DIGITAX is a new ICTD research programme aimed at generating knowledge and evidence to support governments in overcoming the challenges and leveraging the opportunities of the rapid expansion of mobile money and other digital financial services (DFS), as well as the increased relevance of digital IDs across Africa and other lower-income countries.

The programme recently published three working papers examining the benefits and challenges new technologies present when applying them to tax policies & collection methods.

In The Promise and Limitations of Information Technology for Tax Mobilisation, authors Oyebola Okunogbe and Fabrizio Santoro describe the potential that information technology provides for tax mobilisation, as well as the challenges that still exist in low- and middle-income countries and which prevent them from reaping the benefits that new technologies can offer.

In the paper, Okunogbe and Santoro delve into how technology can be a powerful tool for understanding the tax base. Tax authorities can use technology-based tools to collect information to identify taxable entities, while also using it to collect information on the tax liability.

Technology can also be used to improve service delivery to taxpayers, even reducing the level of in-person interactions between taxpayers and tax officials, thus diminishing opportunities for extortion and collusion. Moreover, technology can contribute to strengthening the capacity for tax monitoring.

Okunogbe and Santoro conclude that no matter how sophisticated an IT system is, it is only effective as long as its users can employ it. On the one hand, taxpayers may be hesitant to use technology tools due to lack of information and trust, security concerns or high costs of adoption.

On the other hand, tax officials may not maximise the use of IT tools due to lack of skills and training, or may actively resist it to avoid losing the private benefits they received from the influence they had under a manual system. The paper’s authors also found that technology reform must not be a stand-alone project but should be part of a broad institutional strategy, where complementary reforms are designed. It requires a clear sequencing of reforms to avoid redundancies and disorder.

The effective use of digital technology in tax administration

In the second working paper published by DIGITAX, authors Fabrizio Santoro, Laura Munoz, Wilson Prichard & Giulia Mascagni examine key questions that are relevant for research and policy development to make more effective use of digital technology in tax administration in Africa and lower income countries (LICs).

Titled Digital financial services and digital IDs: What potential do they have for better taxation in Africa?, the paper delves into how digital financial services and digital IDs can help African revenue authorities improve their performance in a number of core functions. Among these functions, technologies can help identify and communicate with taxpayers more easily, thanks to higher-quality data on taxpayer profiles; reduce compliance costs and assist taxpayers to comply by means of digital payments; as well as enforce and monitor compliance through access to better information.

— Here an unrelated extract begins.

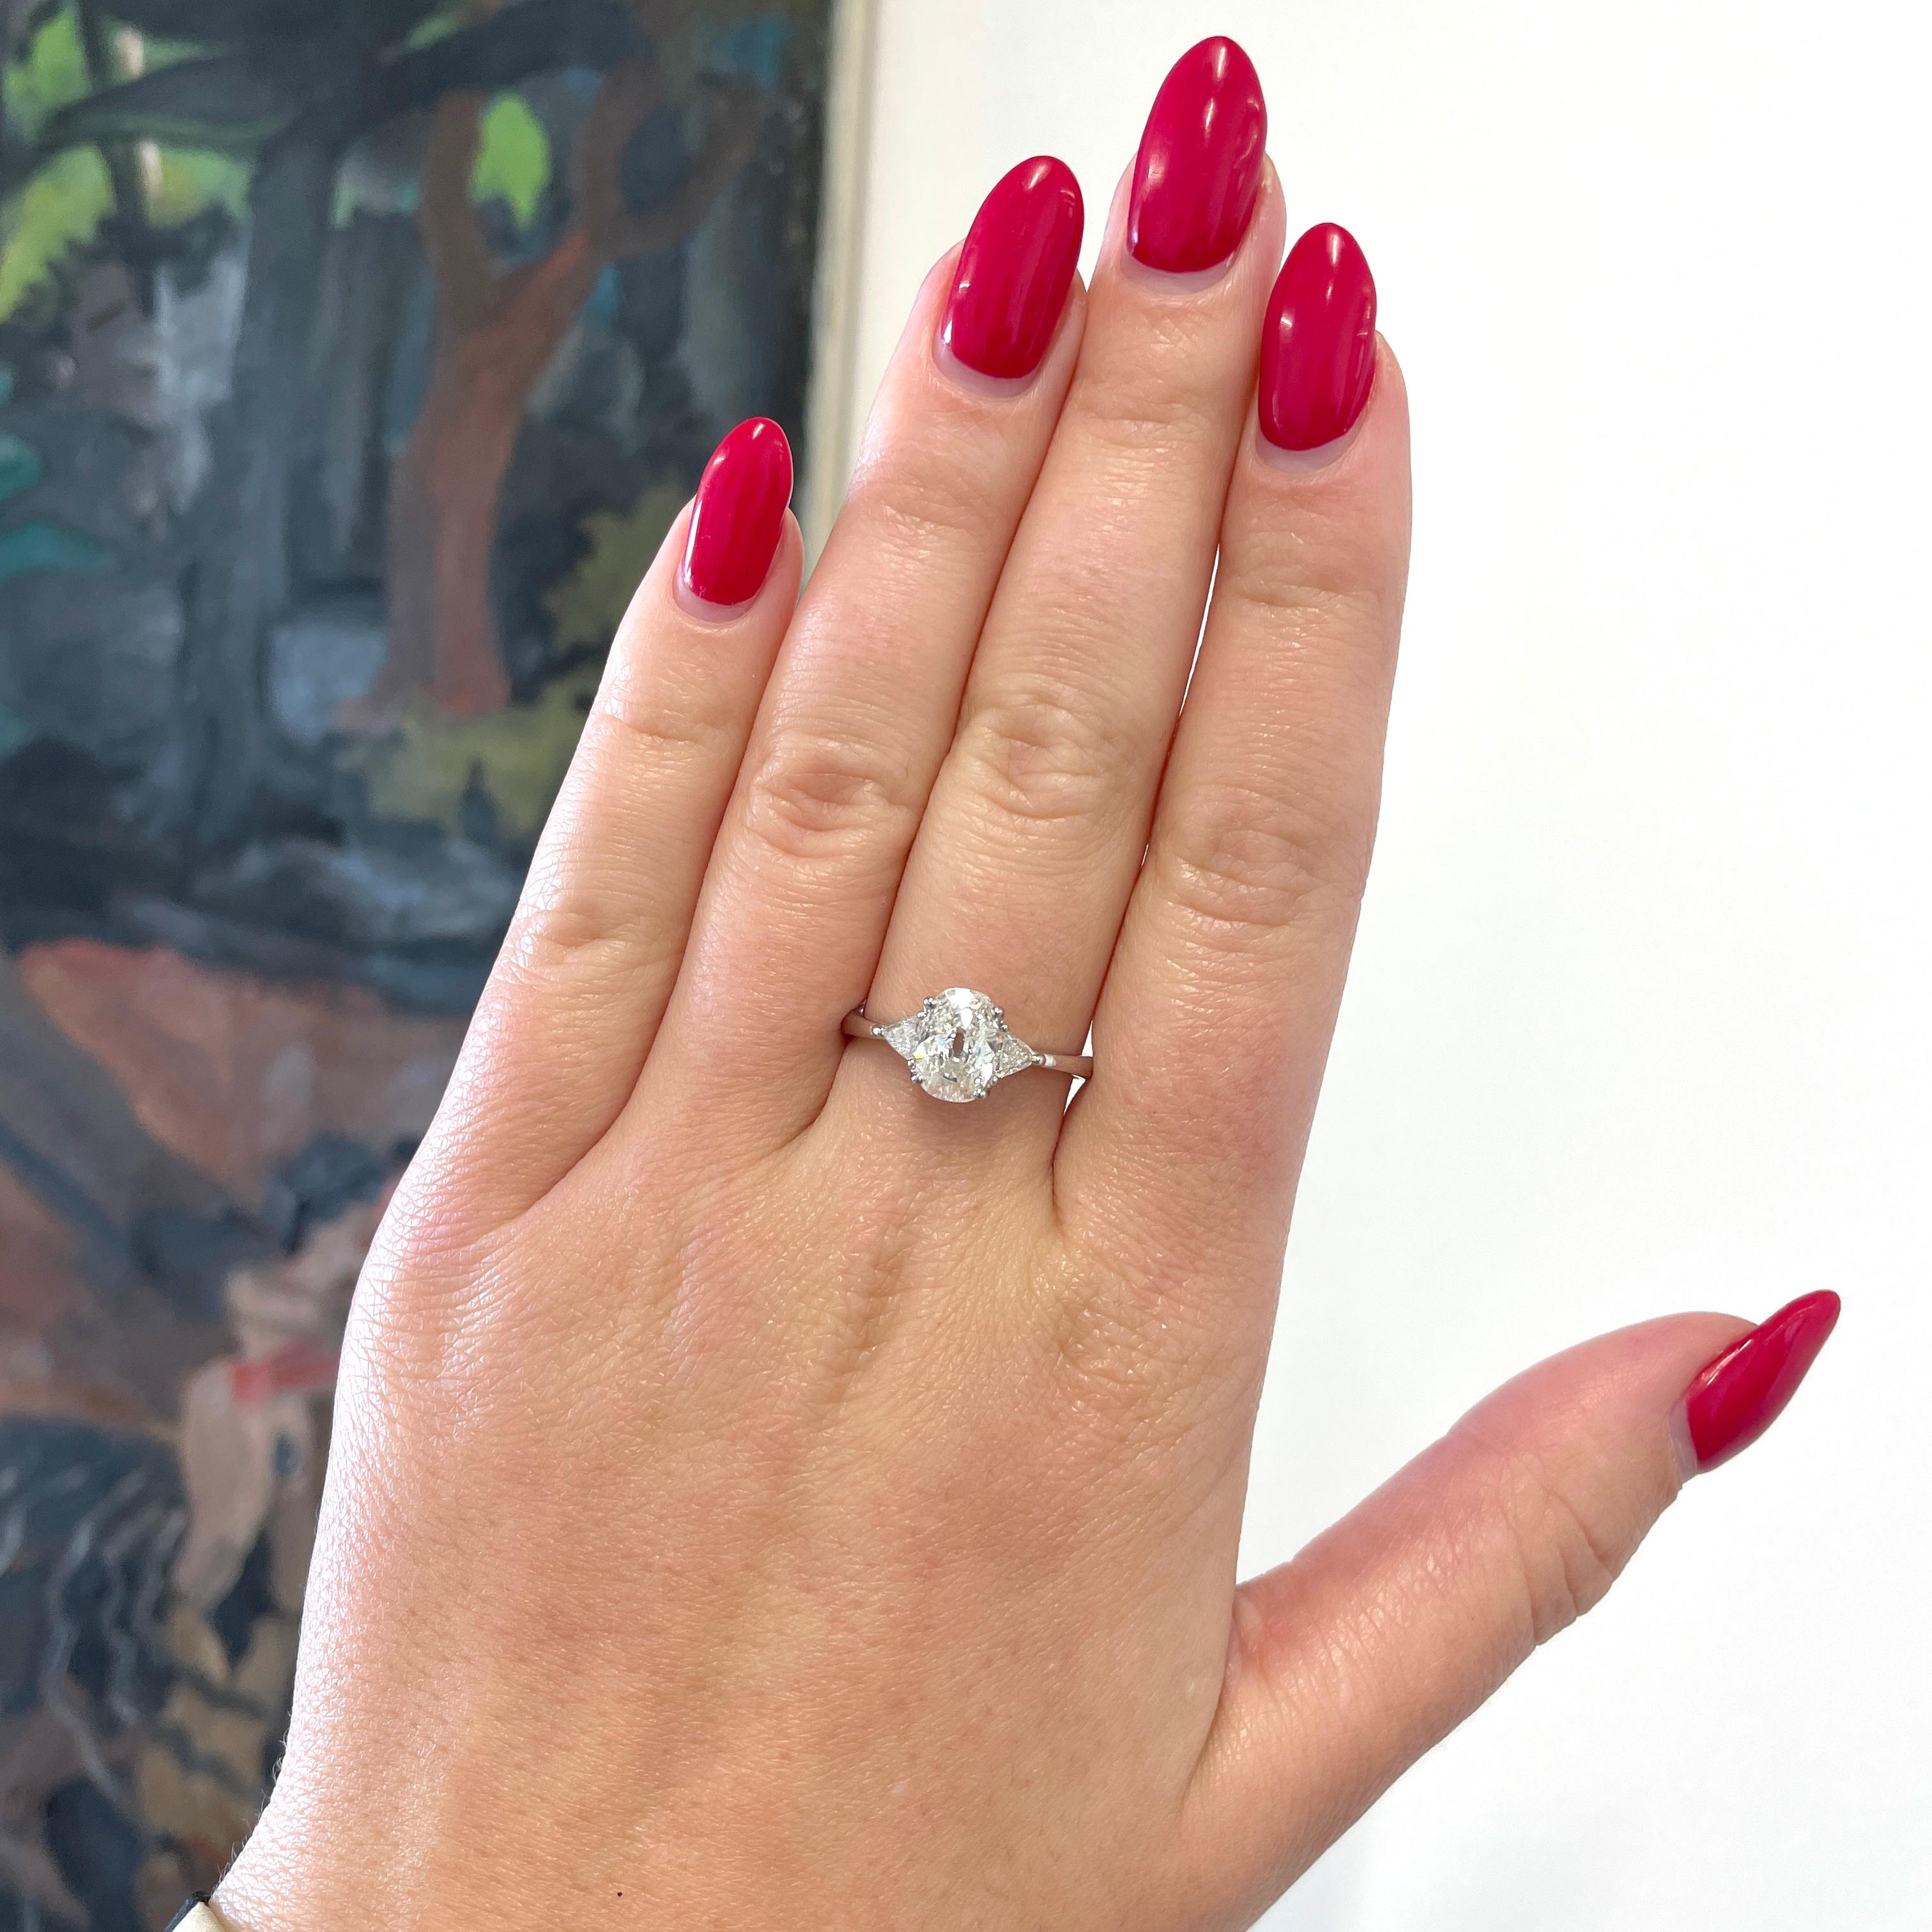 Are you looking for the perfect engagement ring? Consider this Vintage GIA 1.51 carat Antique Cushion Cut Platinum Engagement Ring. Gorgeous, timeless and classic, this engagement ring is truly a dream! 

The center diamond is GIA certified antique

In addition, significant benefits, ranging from increased transparency and reduced corruption in the tax system, can come from higher-quality data produced by DFS and digital IDs. While the potential is clear, what are the barriers to achieving these outcomes?

The paper looks to answer three important questions which remain largely unanswered in existing literature:

  1. What is the nature and potential of these new technologies in the context of LICs specifically, given their unique economic structures, capacity, and patterns of usage?
  2. Given the relative lack of evidence relating to DFS, digital IDs and taxation, what can we learn from the use of existing data and technology in LIC tax administrations? What does this experience tell us about the potential of using other sources of data (such as DFS) to improve tax administration?
  3. How can tax administrations make the best use of DFS and digital IDs in the future?

Taxing digital financial services

Last but not least, the third working paper published by DIGITAX, Should Governments Tax Digital Financial Services? A Research Agenda to Understand Sector-Specific Taxes on DFS, looks at the core principles of good taxation and presents the existing debate around whether taxes on DFS observe them. It explains why understanding the landscape of financial services is essential to designing suitable tax policies and lays out a framework for developing the necessary analysis of the impacts of taxes on DFS. It also highlights the importance of better understanding the processes that give rise to these taxes.

There is intense debate surrounding taxes on digital financial services. This reflects the high stakes, as well as significant disagreements, over the rationale for these taxes and their likely impacts. Service providers and users argue that these taxes impose an undue burden on DFS services and suppliers, all while governments are looking for new revenue sources.

More evidence will make it possible to better understand the implications of new taxes across distinct groups and distinct financial services, assess the broader rationale for specific taxes on DFS, facilitate dialogue among different stakeholders and support evidence-based policy making more broadly.